Best Solder Bump Vertical Probe Cards
Solder Bump Vertical Probe Cards are an important part of the wafer-level test process. Sensitive devices, including flip chip die and those using low-k dielectrics, require special attention to avoid damage during testing. Traditionally, probe card manufacturers have reduced contact force by improving planarity, changing the shape of the probe tip, and introducing new probe tip materials. However, the required contact force is still too high for these probes to handle the number of pins on flip-chip devices that are being tested.
VS-Series
VS-Series Solder Bump Vertical Probe Cards offer superior performance and high test efficiency for array bumping applications. They address the complexities of wafer-level testing for finer pad pitches and array patterns, delivering superior contact precision, stable contact resistance for optimal first pass yield and improved device uptime.
As the number of pads and array patterns on devices increases, traditional cantilever probe card technologies have limitations that increase with the number of DUTs and rows of pads. For example, a 2-row probe card with cantilever probes is shown in Figure 3.
In addition, the CRES layer that forms on the surface of the probe tip and bump can cause false failures due to the high resistance between the pad and the probe tip. In order to overcome this, additional travel is added in the z-axis (referred to as overtravel). This forces the CRES layer to break through, exposing fresh metal to contact the probe tip. This can damage the bump and the component below.
VE-Series
The VE-Series of Solder Bump Vertical Probe Cards offer a solution to the challenges of higher probing requirements. As the number of pad rows on devices increases, standard cantilever probe technologies become less efficient.
The buckling-beam principle, used in this type of probe, generates a non-linear spring characteristic that distributes force evenly over all contacts. This enables efficient contact with a broad range of device pitch, including upcoming devices that have pad sizes as small as 40x40um.
In addition to the buckling-beam principle, probe needle technology has evolved by improving taper consistency and increasing material enhancements. These improvements include smaller diameter, higher-strength tungsten and tungsten-rhenium wires and polymeric coatings to improve contact-to-needle isolation.
RS-Series
The RS-Series is a suite of Solder Bump Vertical Probe Cards designed to address the challenges associated with probing devices that have multiple peripheral pads. These logic configurations require high parallelism and finer pad pitches for efficient testing, but traditional cantilever styles of probe cards have limited performance as the number of rows or DUTs increases.

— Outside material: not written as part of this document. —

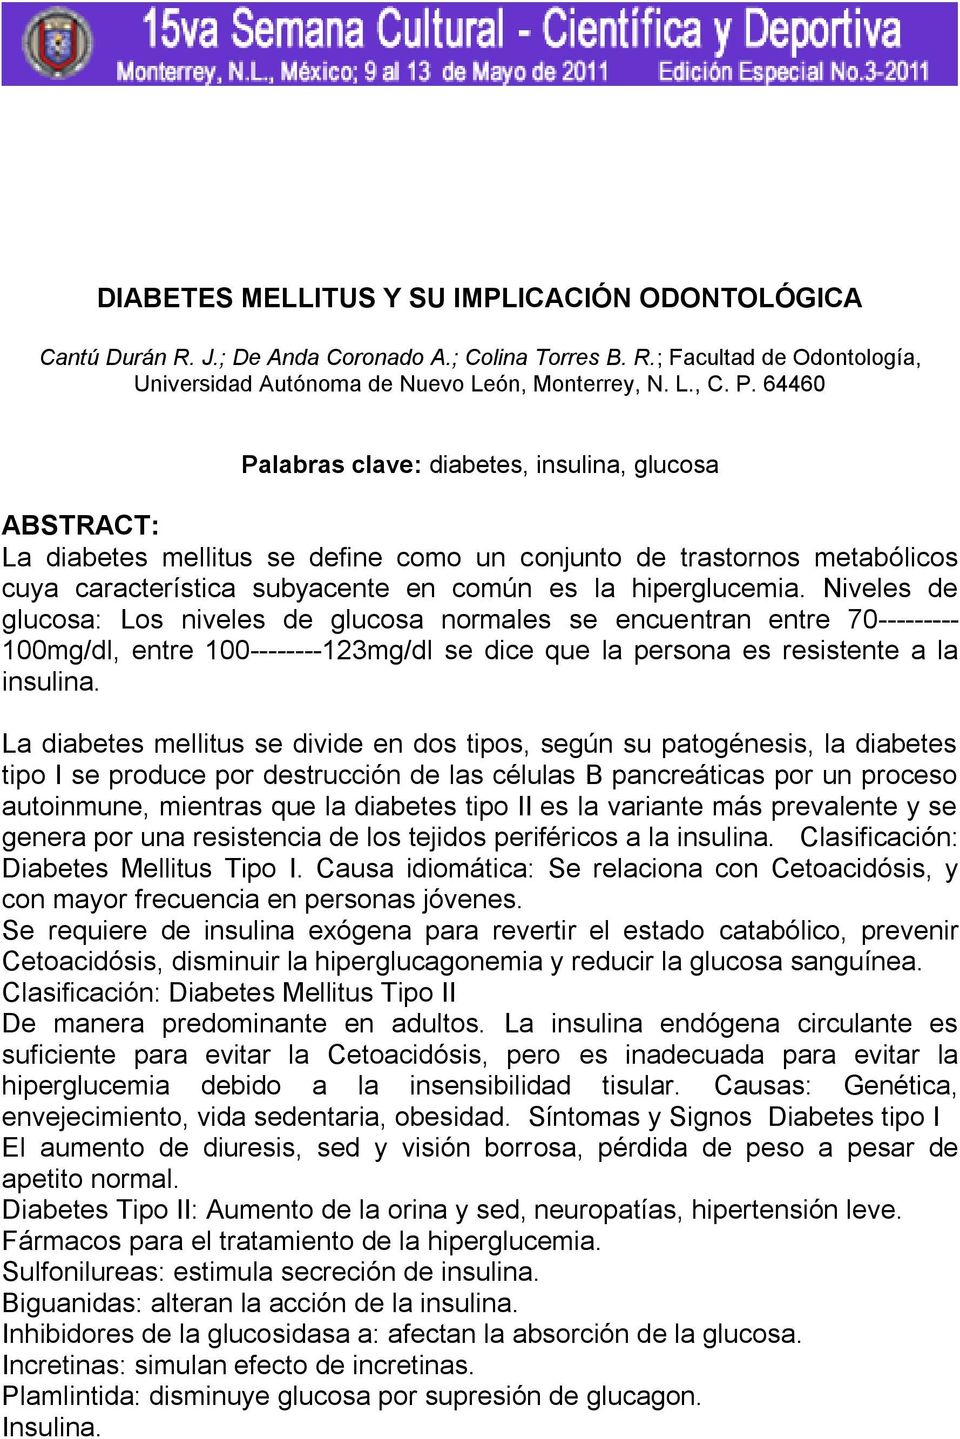 Niveles de glucosa: Los niveles de glucosa normales se encuentran entre 70--------- 100mg/dl, entre 100--------123mg/dl se dice que la persona es resistente a la insulina.

In addition, the RS-Series probe cards have been developed to meet a wide range of requirements for testing ICs with higher temperatures than those required by standard cantilever technologies. These temperature requirements are often a differentiator between different ICs, as the change in physical dimensions of probes as a result of changing temperature can cause contact failures during test.
The RS-Series is available in crown-type and flat-type specifications. These products can be manufactured with MEMS technology, which allows them to offer higher contact precision and stability. In addition, they allow for single pin replacement, which minimizes maintenance costs. The RS-Series are also designed to minimize cross-talk between probes, which can be a problem with conventional vertical style technologies.
RS-Plus
RS-Plus Solder Bump Vertical Probe Cards feature a crescent DUT layout to minimize the number of touch downs and achieve even scrub across wafer pieces. These DUT layouts enable optimal utilization of tester resources, resulting in high test yield and efficiency.
To improve the probing efficiency, longevity, and reliability of a probe, it is important to analyze the mechanical deformation and stress of interconnect structures such as solder balls and Cu pillar microbumps during contact with the probe tip. This analysis can help optimize the probe’s structural design and materials to ensure that the device is tested successfully, without causing excessive probe marks or damage to the solder ball or microbump.
We simulated the deformation behavior of NiCo and Au-NiCo probes, as well as copper pillar microbumps and TSV structures, using ANSYS 2019. Figure 6a shows the von Mises stress distribution map of the NiCo probe during contact with a solder ball at an overdrive of 150 um. It reveals that the maximum stress occurred at the center of the probe tip area.